Do you think Jane Austen used longer words on average than Charles Dickens?

We could write a pretty simple program to answer this question. First we would need to know the number of characters in all of the words in our text. Now you may be thinking we've already done that in the character count from above. But that's not quite the same. Take a minute and see if you can figure out why its different. 

The character count above counted all the characters in the text, which includes white space, not just letters. So we can't use that character count to answer our question. Instead we need to ignore the white space and count just the letters. If we can get the sum of all of the letters and then divide that by the number of words, we will have the average word length.

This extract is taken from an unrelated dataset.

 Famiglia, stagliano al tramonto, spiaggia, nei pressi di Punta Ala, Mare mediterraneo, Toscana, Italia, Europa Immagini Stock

So how do we count just the letters? There's many ways to do it but for this exercise we want you to write a program that counts the letters in each word of our ``words`` list. When our ``words`` list was created, all the white space was removed, so it has all the letters we want and nothing else. That challenge here is to write a program that moves through the list, counts all the letters in each word, and adds up a total.  

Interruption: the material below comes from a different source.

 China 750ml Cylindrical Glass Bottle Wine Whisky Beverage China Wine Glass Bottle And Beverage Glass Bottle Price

Remember that a for loop lets us repeat some code for every item in a list.  To write code that adds the lengths of the words, think about what steps need to be repeated; those steps will go into the body of the for loop.  You will also need to think about how to use a variable to store and update the growing sum.  As always, ask for a tip if you need one!

*[Suggestion: if you have a for loop repeating once for every word in the list, you probably **don't** want to put a ``print()`` statement inside that loop.  It will print way more than is useful, and it may take a long time to finish, too.]*

### To Do: Loop and Count

Write a program that uses a for loop that moves through the word list, counts all the letters in each word, adds up a total, and then divides that total by word count. Print the results.  

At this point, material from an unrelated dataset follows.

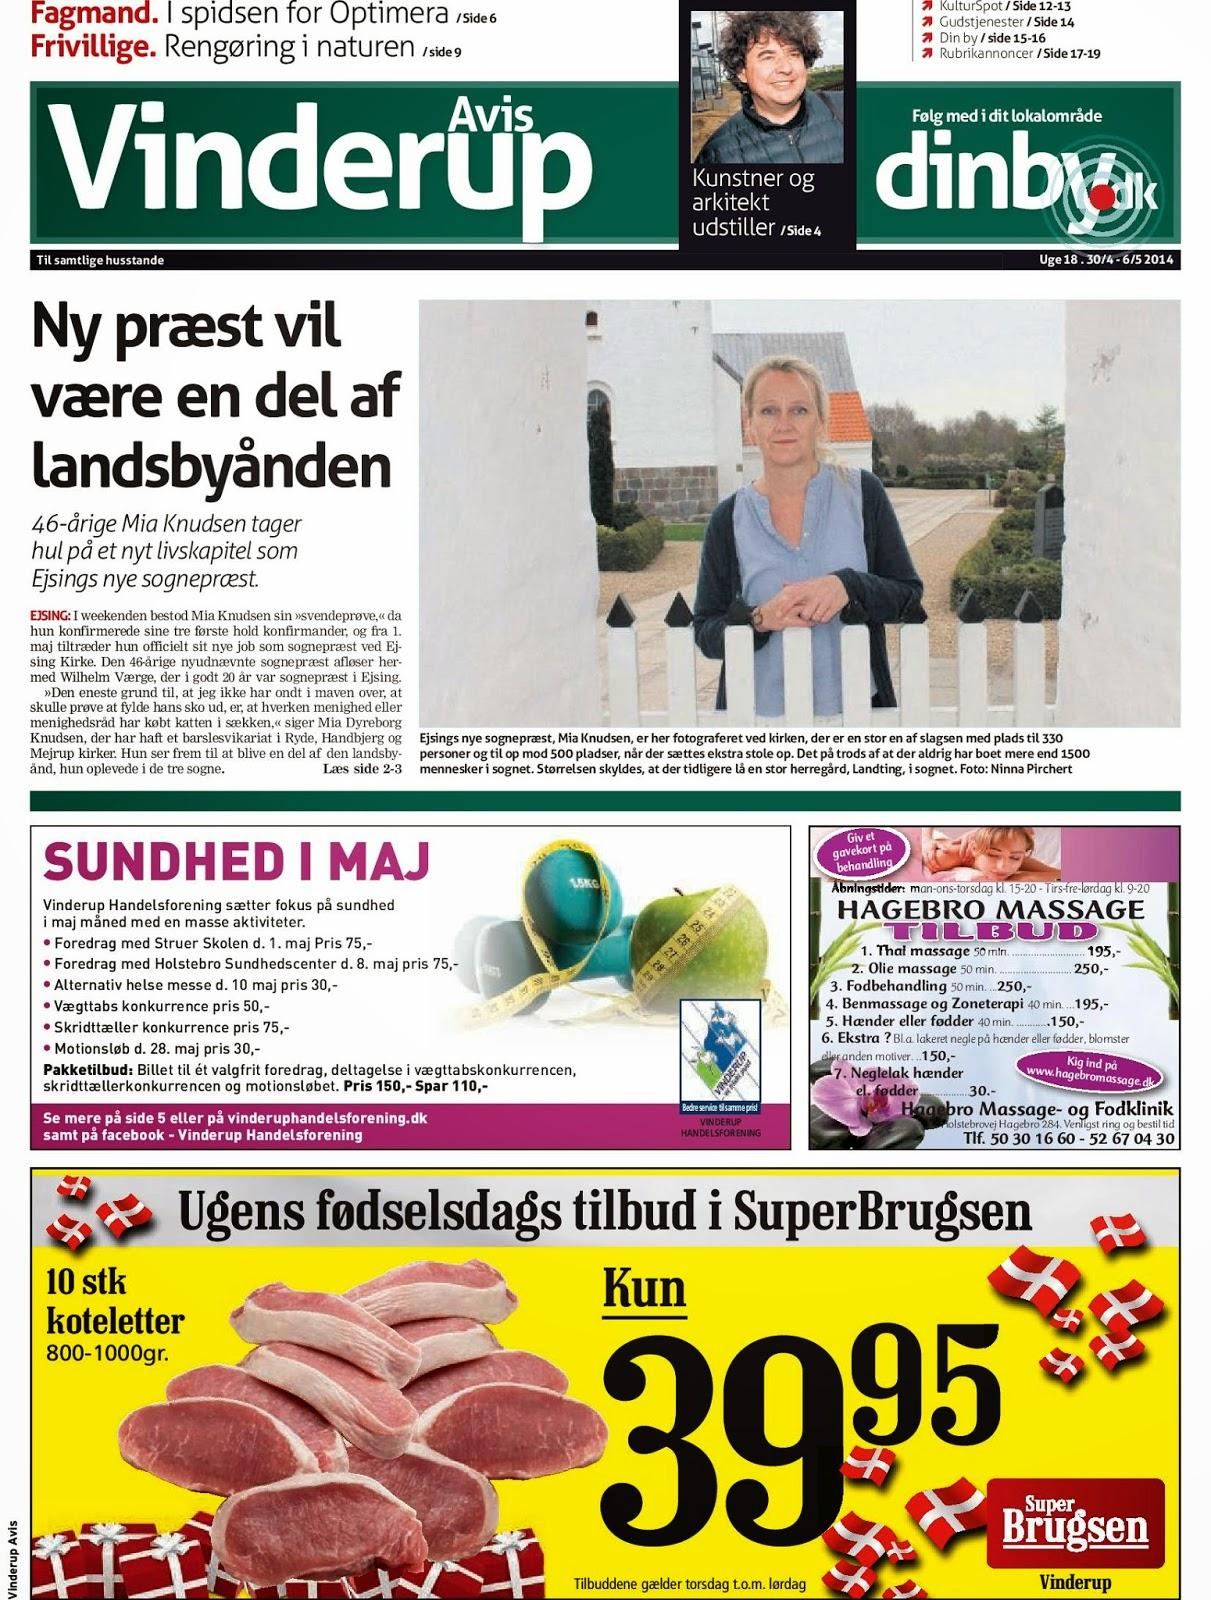 vinderup avis

Your code should find that in ``pandp.txt`` (*Pride and Prejudice*) there are 121567 words with total of 560736 characters. The average word length is 4.6126. What is the average length of the words in ``atotc.txt`` (the complete text of *A Tale of Two Cities*)?

In [None]:
# Write your code here

***
## Exercise 3

If you still have time, here's a more challenging one.  Using the ``words`` list generated above, write code that will find the *longest* word in the list.

It's often useful to think through a problem like this first in terms of how *you* would solve it yourself, without a computer.  That is, if someone gave you a book or other long text, a notepad, and a pencil, what steps would you follow to find the longest word in the text?  Then, think about what steps you are repeating, and try to make a formal series of instructions for doing the work.  

Once you know what steps you would follow you can think about how to translate that into instructions for the computer to follow.  This basic process helps you work from a high level of understanding down to a more detailed level with the instructions themselves, and it can be much easier than trying to think through all of the details of the code all at once.

(Remember that when testing, you can change the ``filename`` variable and re-run the cell that reads the file to get different data into ``words`` if you want to see what your code does on the other files.)

### To Do: Longest Words

Using the ``words`` list generated above, write code that will find the *longest* word in the list.

Your code should find that in ``pandp.txt``, the longest word has 28 characters.  In fact, this will point out a flaw in the algorithm; you'll see that the longest "word" isn't a word at all due to the simplicity of the processing.  Always check your results to see if they make sense!  Here, that result is fine, but in general you may find that simple initial solutions don't always work as well as you would like.

In [None]:
# Write your code here

Feel free to show this one to an instructor in class, or bring it to office hours if you want someone to look it over later.